The Teatro San Moisè was a theatre and opera house in Venice, active from 1620 to 1818. It was in a prominent location near the Palazzo Giustinian and the church of San Moisè at the entrance to the Grand Canal.

History
Built by the San Bernaba branch of the Giustiniani family c.1620, it was originally a prose theatre. Its first opera production was Claudio Monteverdi's (now lost) opera L'Arianna in 1640 by which time the ownership had passed to the Zane family who had long intermarried with the Giustiniani. It was used by the Ferrari company, and the librettist Giovanni Faustini was one of the theatre's first impresarios.

From the outset it was one of the smaller theatres of Venice, but also one of the most influential. In 1668 it was enlarged to 800 seats, although this did not result in a significant increase on the size of the stage which limited the theatre's ability to stage large-scale productions throughout its existence. In 1674 theatre was revived by the impresario Francesco Santurini, who caused a revolution by halving the price of tickets to 2 lire, leading to an opera 'boom' and a further proliferation of active theatres in the city.
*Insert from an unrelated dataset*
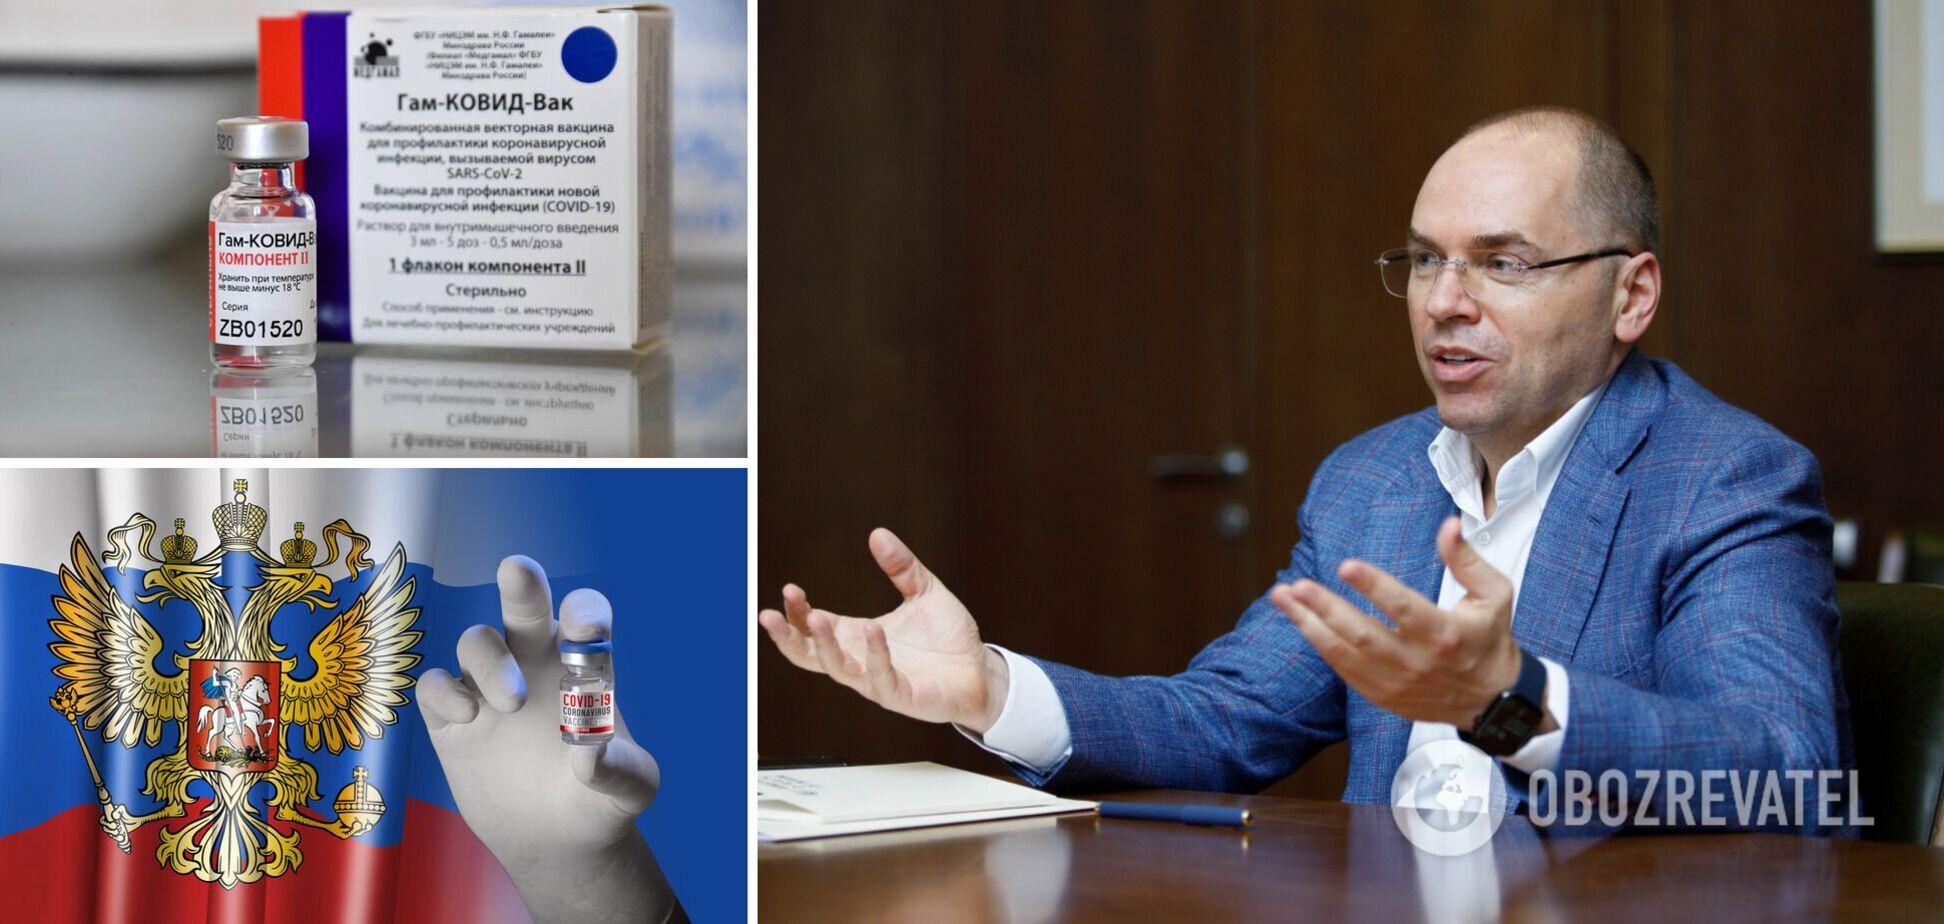 Степанов: російській вакцині немає що робити в Україні

During the early 18th century Gasparini, Vivaldi and Albinoni were all active in San Moisè. During the 1740s, Neapolitan opera buffa reached Venice and San Moisè was one of the first theatres to concentrate on this genre, with works by Baldassare Galuppi, in partnership with Carlo Goldoni, being seen in the theatre. This trend continued through most of the century. In the 1770s and 1780s the theatre was under the control of the prolific librettist Giovanni Bertati, the Poeta Cesareo ("Imperial Poet") of the Italian Opera in Vienna, who concentrated on drammi giocosi with Pasquale Anfossi and other composers.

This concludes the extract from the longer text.